# Patching a CableTV/Internet Ground Line



## jpf566 (Apr 23, 2012)

I was working at a clients house and managed to cut the thick ground line from their cable provide. They had it no more than 6 inches under the surface…. It will be 10+ days before a technician from the company can come out and take care of this and the client wants to know if I can do a temporary patch of some sort. Has anyone worked with these? This isn’t normal Coax, it’s a very thick cable with a large copper wire in the middle, insulation foam, a metal exterior coating and then rubber on top of that.
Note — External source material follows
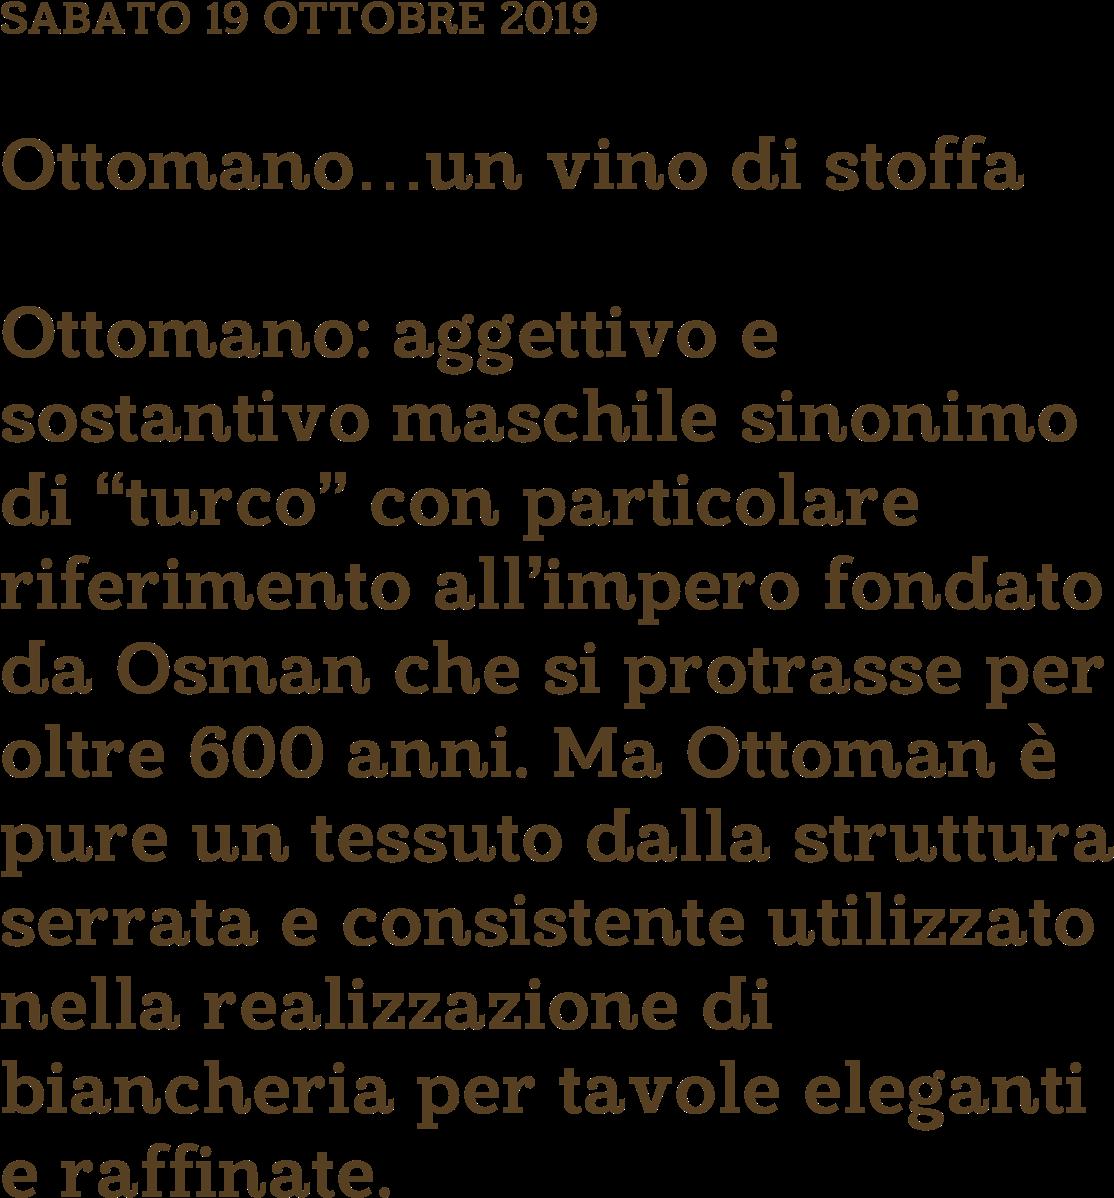 """Ottomano…un vino di stoffa Ottomano: aggettivo e sostantivo maschile sinonimo di """"turco"""" con particolare riferimento all'impero fondato da Osman che si protrasse per oltre 600 anni. Ma Ottoman è pure un tessuto dalla struttura serrata e consistente utilizzato nella realizzazione di biancheria per tavole eleganti e raffinate."""

Could I just run a copper patch from the one side to the other or does the metal coating transfer something as well? Any help would be much appreciated!


----------



## Dennis Alwon (May 9, 2009)

I would try and connect the center core together and then connect the outer shield being careful that they don't touch the center core. The outer shield can be peeled back and twisted together-- just butt splice the joints.


----------



## jpf566 (Apr 23, 2012)

Ok! the outer shield isn't a braided mesh though, its pretty much like sheet metal.


----------



## Dennis Alwon (May 9, 2009)

jpf566 said:


> Ok! the outer shield isn't a braided mesh though, its pretty much like sheet metal.


I would find a way to attach them together even with a piece of wire. If you can put them close together you may be able to slide a threaded rod or some rod and crimp them together.


----------



## jeffmoss26 (Dec 8, 2011)

it's probably RG11 or even hardline coax...RG11 uses F connectors but hardline has its own thing altogether.


----------



## jpf566 (Apr 23, 2012)

Yeah I just googled "Hardline Coax" and thats exactly what it is.


----------



## jeffmoss26 (Dec 8, 2011)

Hate to say it, but that is best left to be repaired by the cable company.
They use connectors like this:
http://www.ppc-online.com/broadband/hardline.php
They generally heat shrink everything with a torch as well.


----------



## hbiss (Mar 1, 2008)

There is nothing that you can do that will make it work. They are going to have to wait if they can't get the cable company off their butts.

-Hal


----------